Date Showing Showing On 29, 31 March, 1 April
Time Showing Monday 6pm, Wednesday 4pm and Thursday 6pm

Never Rarely Sometimes Always

M 1hrs 41mins
drama | 2020, USA | English
Overview

A pair of teenage girls in rural Pennsylvania travel to New York City to seek out medical help after an unintended pregnancy.

Warnings

Mature themes and coarse language

Director
Eliza Hittman
Original Review
Jack Wilson, Age and Charlotte O’Sullivan, London Evening Standard
Extracted By
Ed Beswick
Featuring
Sidney Flanigan, Talia Ryder, Théodore Pellerin

Watch The Trailer

Never Rarely Sometimes Always Trailer

Storyline (warning: spoilers)

Faced with an unintended pregnancy and a lack of familial support at home, Autumn and her cousin, Skylar, travel across state to New York City on a fraught journey of friendship, courage and compassion.  In Pennsylvania, teens need parental consent in order to terminate a pregnancy. In New York, the system is marginally less oppressive, resulting in a road trip, with Autumn enlisting her more outgoing cousin as travelling companion. It’s here the film becomes the story of two girls on an adventure in the big city, albeit the least joyous of all imaginable versions of this trope.

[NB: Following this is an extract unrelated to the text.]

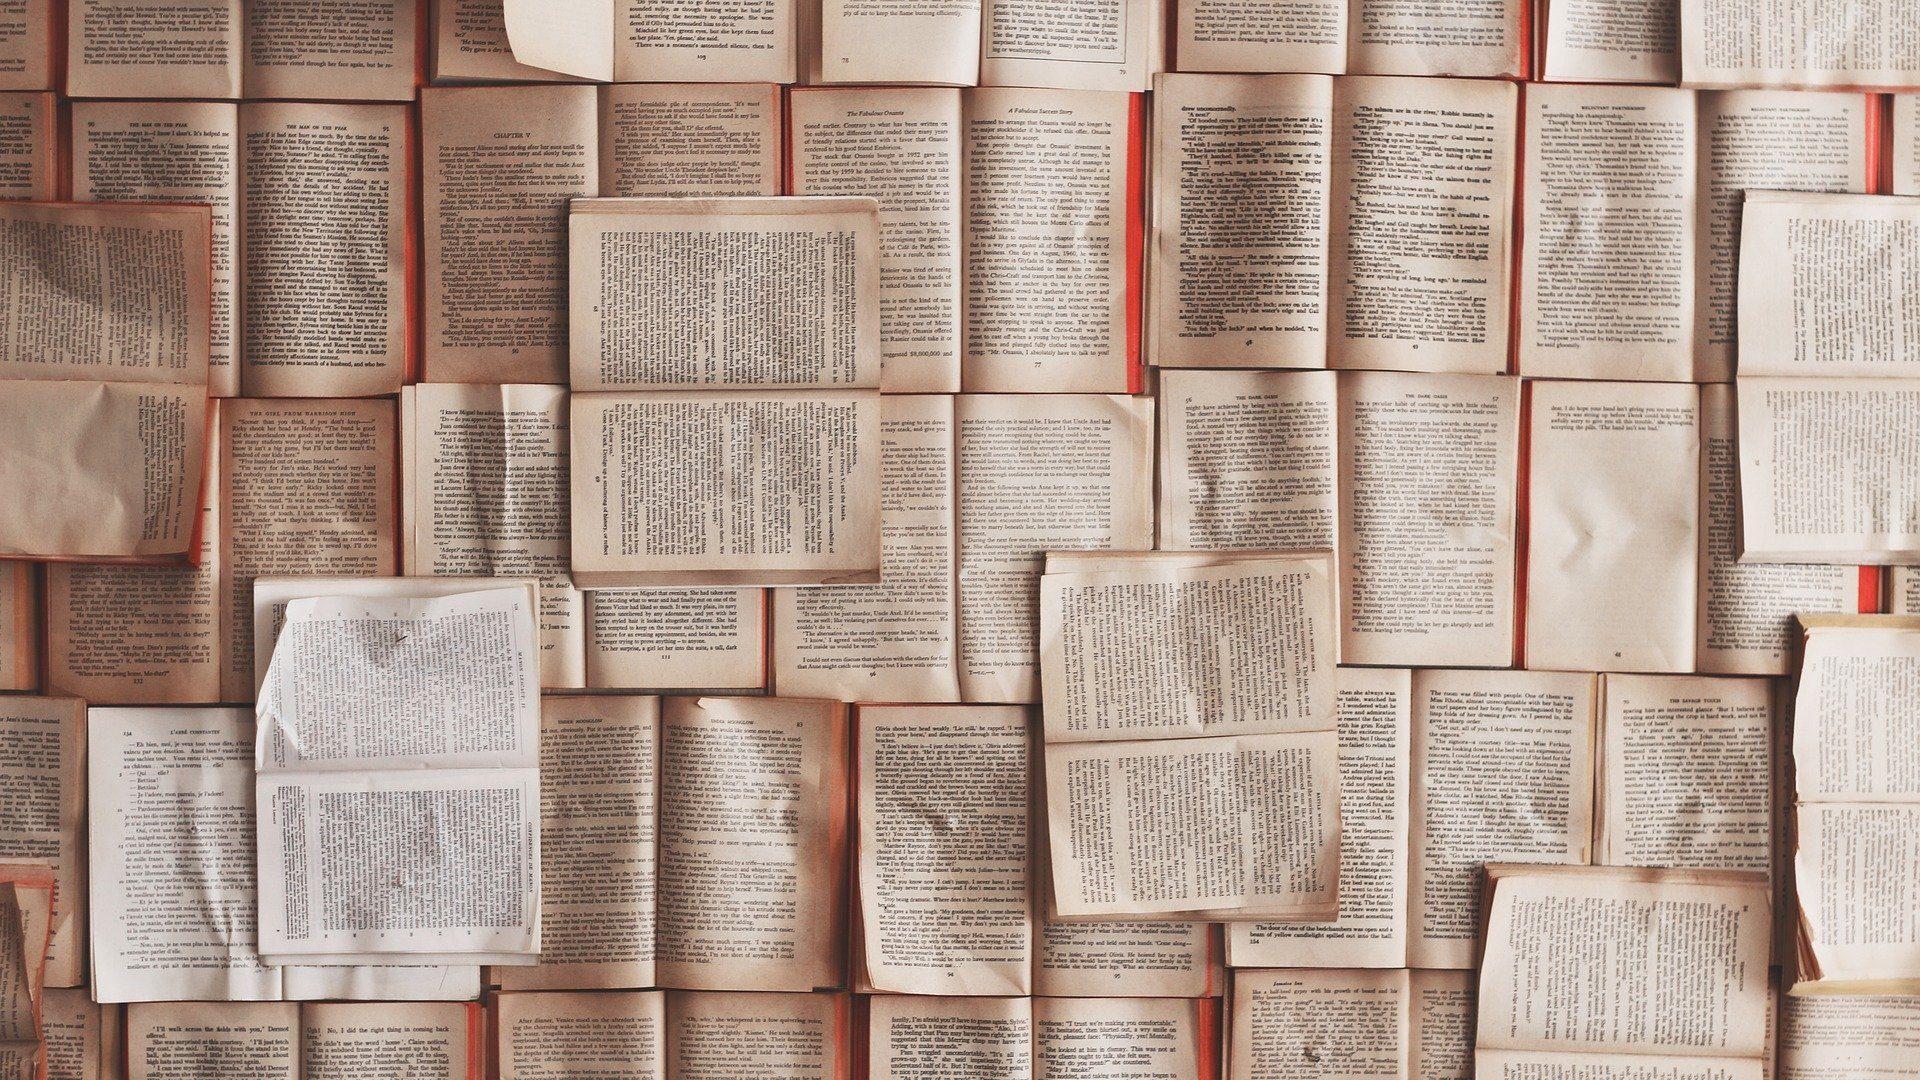 Gaspard Koenig s'introduit dans la bibliothèque de Mario Vargas Llosa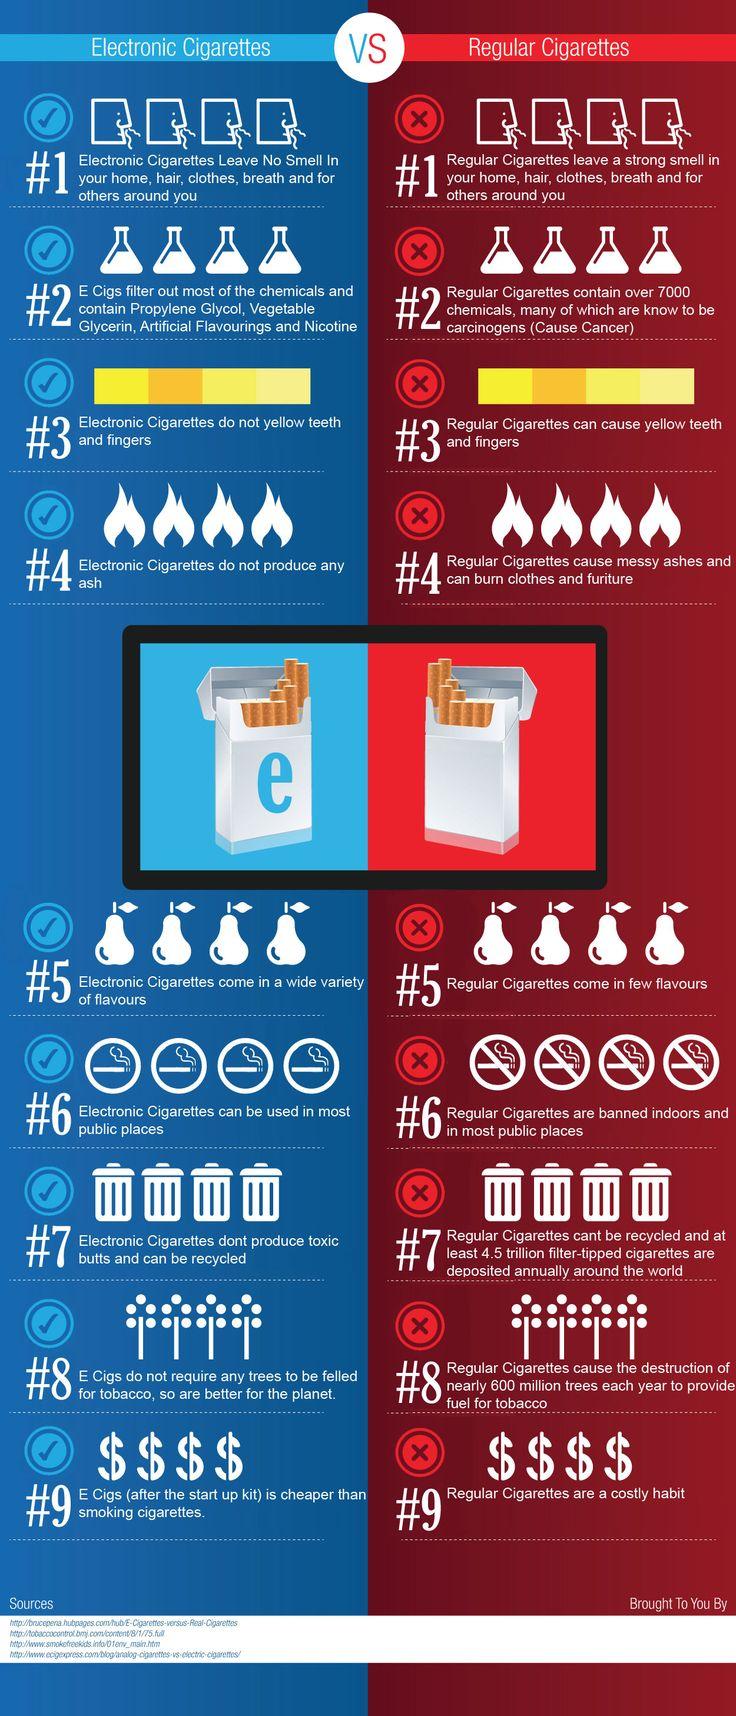 Electronic Cigarettes vs Regular Cigarettes

Nonetheless, there is a touch of poetry to this possible wild goose chase, with Hittman’s use of grainy 16-milimetre film reinforcing the drawn out, wintry mood. There is also an aura of ambiguity around Autumn which also extends to other characters they meet along the way, especially college-age Jasper (Theodore Pellerin), whose clumsily persistent pick-up attempts could be those of the goofy but endearing heartthrob in a different sort of teen movie. From the girls’ perspective, the issue is whether he’s an ally, a neutral element or a predator. For the audience, the answer matters much less than the context that triggers this inquiry - the sense of the city as a dark and dangerous war zone where it’s necessary to be on constant alert.

Much goes unspoken in Never Rarely Sometimes Always, but Hittman’s sensitive script and the strong performances still make it feel authentic and true. The scene that gives the film its title — a pre-procedure interview by a Planned Parenthood counsellor — is never explicit in the trauma(s) experienced by Autumn, and it doesn’t need to be. Those who have had related experiences know first-hand that this is not a black-and-white issue, but one filled with grey areas for which there are no cut-and dry answers.